E2. Check for completeness of the acronyms list in section 1.1. For example ECMP is used a few times in the document, but not listed here and never expanded. 

E3. In several places (2.1.3 is the first) I found 'For e.g.,'. I believe that this is a pleonasm, either use 'For example', or just e.g. 

E4. In section 2.2: s/TRILL OAM processing can be modeled as a layer/TRILL OAM processing can be represented as a layer/

E5. In Section 2.3: 

>  Network OAM mechanisms provide fault and performance management
   functions in the context of a representative 'test' VLAN or fine-
   grained label [TRILL-FGL].
What does 'representative' mean here? 

E6. 'faults in connectivity or performance' - 'connectivity faults and performance degradation' is probably better

E7. In Section 2.6: 

> MEPs are the active components of TRILL OAM: MEPs source TRILL OAM
   messages proactively or on-demand based on operator invocation.

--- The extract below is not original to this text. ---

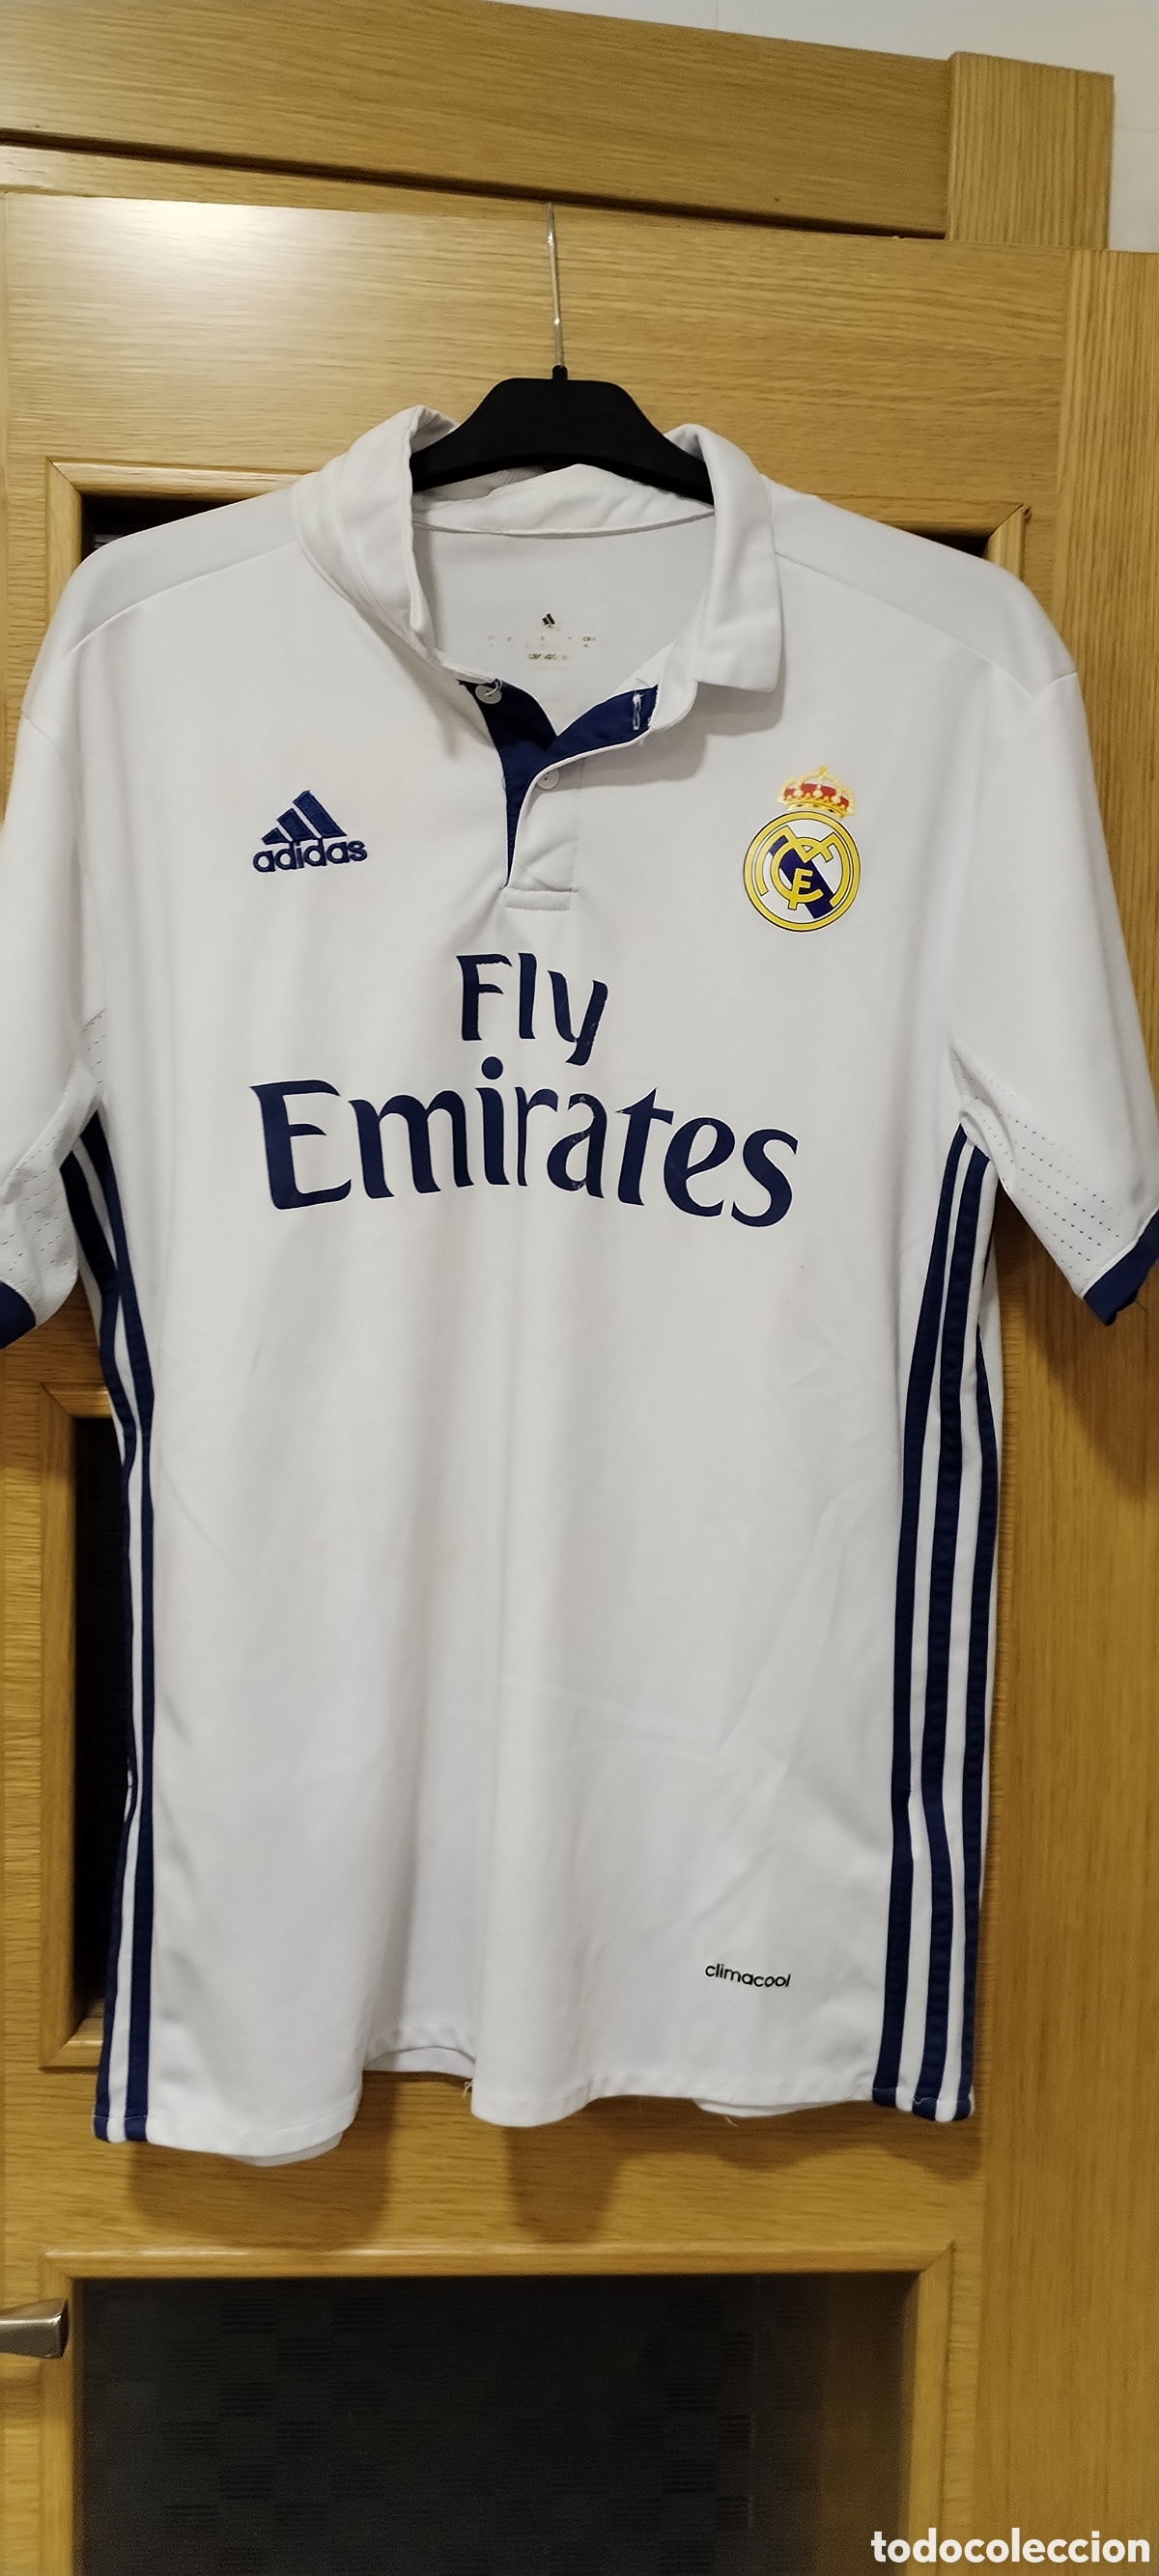 camiseta real madrid - Acheter Maillots anciens de football sur  todocoleccion

The usage of the term 'proactively' seems to me to be incorrect. I would rather use 'periodically'. Also s/operator invocation/operator configuration actions/

E8. In Section 2.6: 

> - MUST support the UP MEP function on a TRILL virtual port (to 
     support OAM functions on Sections)

I would add for clarity inside the brackets '... as defined in 'rfc6905'